We asked Hyperganic Technologies’ design director Duy-Anh Pham about AI-driven design and the increase of AI in the product development sector; what it offers to designers, and how he believes it will shape the future.
D3D: How will AI-driven design impact creativity?
D-A Pham: When talking about creativity, AI is a powerful ally. It elevates the designer to a higher level.
AI can automate repetitive tasks and give designers more time to focus on strategic design decisions. AI-components react to input, they redesign details and eliminate a lot of the tedious work.
An algorithm never competes with a designer — it‘s like a power-tool. It frees the designer to focus on the real creative work.
Algorithms complement the pen and paper work of a designer and do not replace it. The algorithms fill in the details and generate structures and functionality on the fly.
When combined with Additive Manufacturing methods on serial production 3D printers, the designer‘s vision becomes reality without restriction.
D3D: What does the future of design look like?
D-A Pham: New production methods, especially 3D printing in serial production and new materials give us so much more freedom. But the designer’s toolkit has not been keeping up with this quantum leap.
We now have the opportunity to shape this new paradigm with the help of powerful computing tools. We now have a new type of brush in our toolkit, one that allows us to paint atoms into space. Now, we have to rethink how we work, how do we want to work?
As designers we need to be curious about these new tools and ready to shape future practices. This is what we explore in the Hyperganic Lab.
We work with designers and engineers to bring their work to a meta-level where they can focus on decisions and the general approach and are not caught up in insignificant details.
You can offload decisions about details to AI components, which can be driven by creative input but also usage data by statistics, simulations, etc.
Take our helmet case study as an example: The designer designs the aesthetic overall shape of the helmet. The algorithm then combines the head scan and historical information about crash statistics to generate a custom fit helmet with optimal protection for the head.
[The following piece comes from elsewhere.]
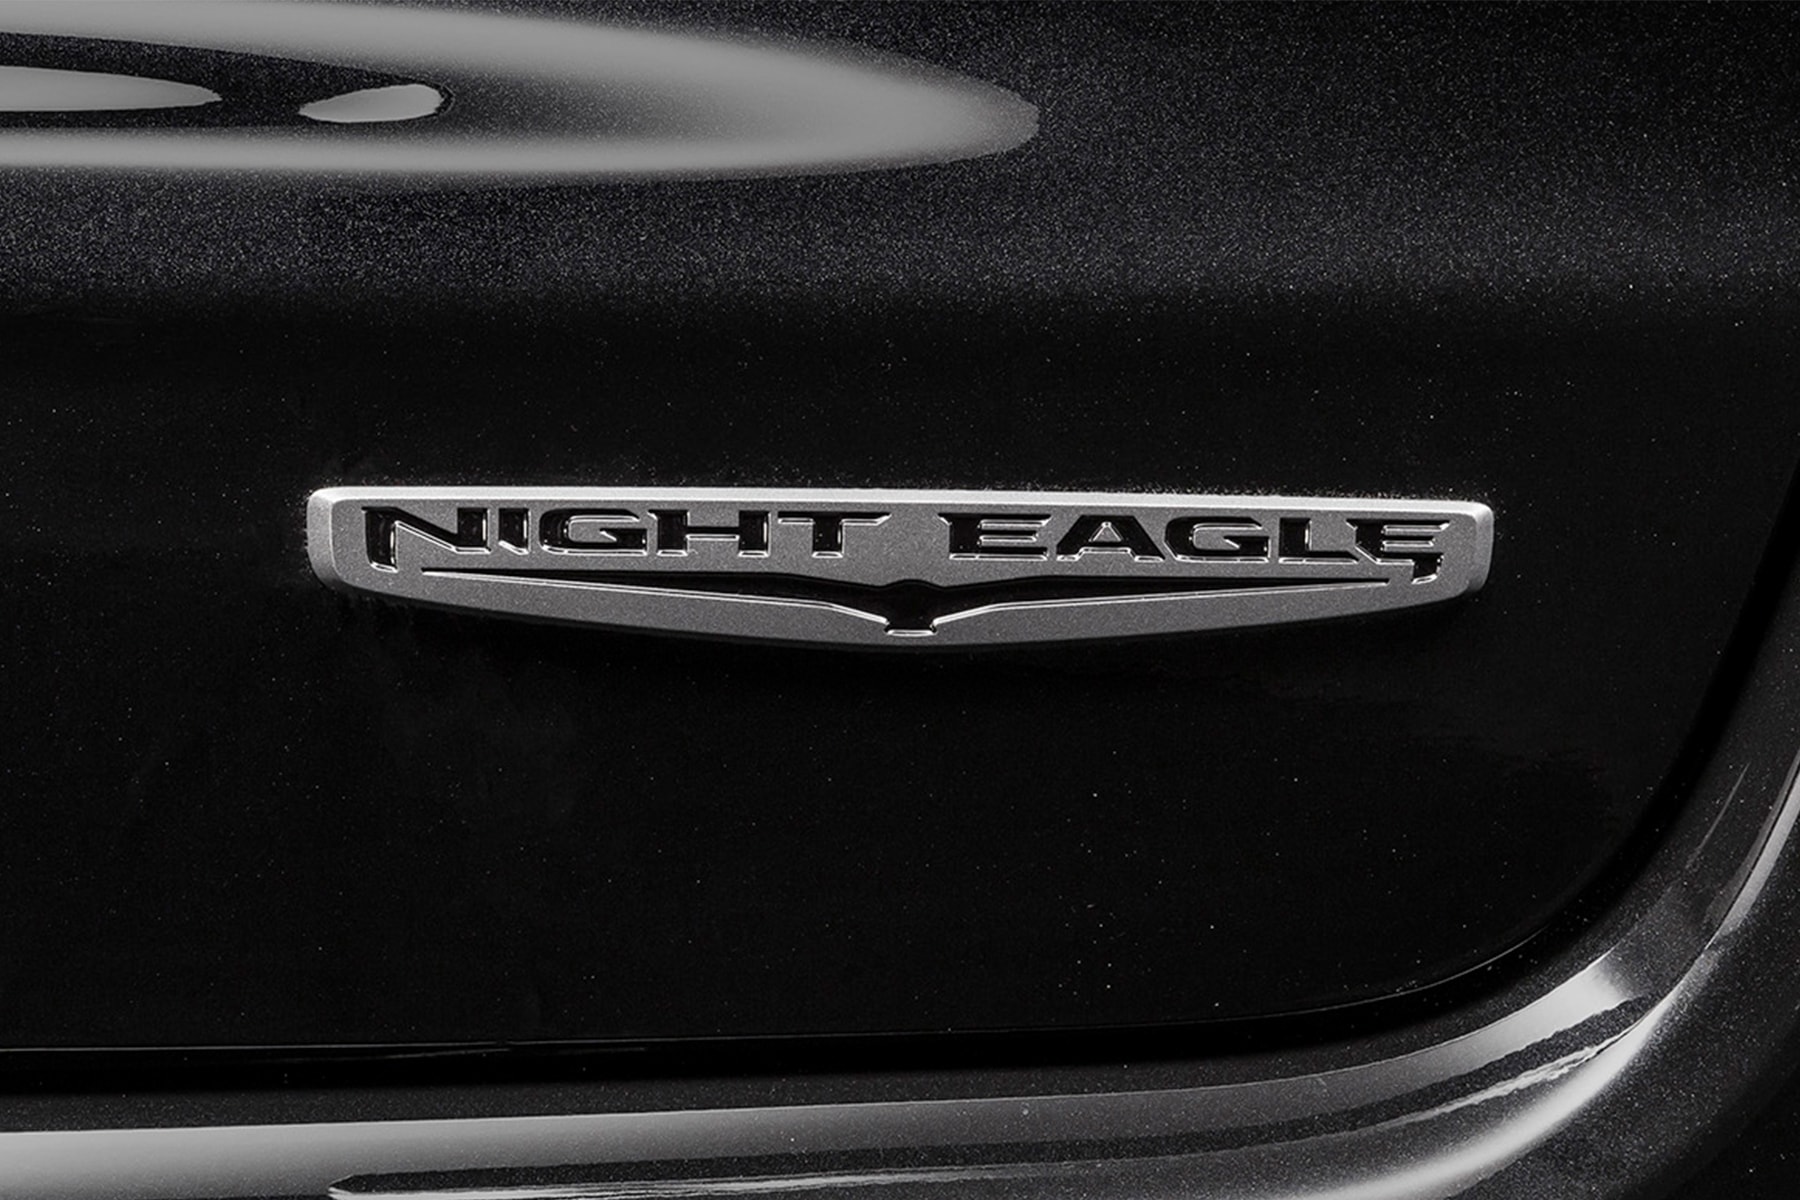 精悍な グレー ブラック カラー が輝く ジープ・コンパス 限定車、ナイトイーグル が登場 jeep commpass night eagle HYPEBEAST ハイプビースト

It generates patterns based on creative choice but also on the basis of the data. As the data changes, the process self-adapts to refine the product for each person and over time.
D3D: What are the virtues of AI-driven design?
D-A Pham: There are many things a designer needs to focus on. AI is a tool that empowers you to work much more effectively.
With AI-based design you have more capacity to be strategic about your process. You can iterate quickly and often; you converge on an optimal product design much faster; you explore a bigger design space.
Your products include more complex functionality, which can be automatically generated, almost ‘painted on’.
As designers we shy away from complexity, it means a lot of work. But Additive Manufacturing allows us to build very complex objects without additional cost. So how would you design things when complexity is no longer a bottleneck?
Natural objects are amazing, but they are rarely simple designs. AI-based processes allow us to produce parts and machines just as complex as Nature. All we have to do is choose the right algorithms in the design process.
For me, AI-based design is extremely anthropocentric. Without restrictions, we can now design for human needs. Just think of the potential of mass customisation! The future of design is personalised, intelligent and sustainable.
Duy-Anh Pham always had a magnetic interest in everything computer and art. He joined a pioneering information technology high-school, worked in the IT industry for a bit and moved on studying audiovisual media at HDM-Stuttgart in 2008.
Studying creativity in theory bored him early on, so Duy-Anh joined IRIDAS in 2009 where he worked on the front-edge of software technologies for the Hollywood film industry.
In 2012 he guided Adobe’s colorgrading vision. For Adobe, Duy-Anh worked on award-winning applications like SpeedGrade CC, Premiere Pro CC and the next generation of Adobe’s Desktop & Mobile Video editing apps.
2017 he co-founded Hyperganic as the creative counterpart and since then, Duy-Anh and his team are shaping the future of AI-driven design and manufacturing.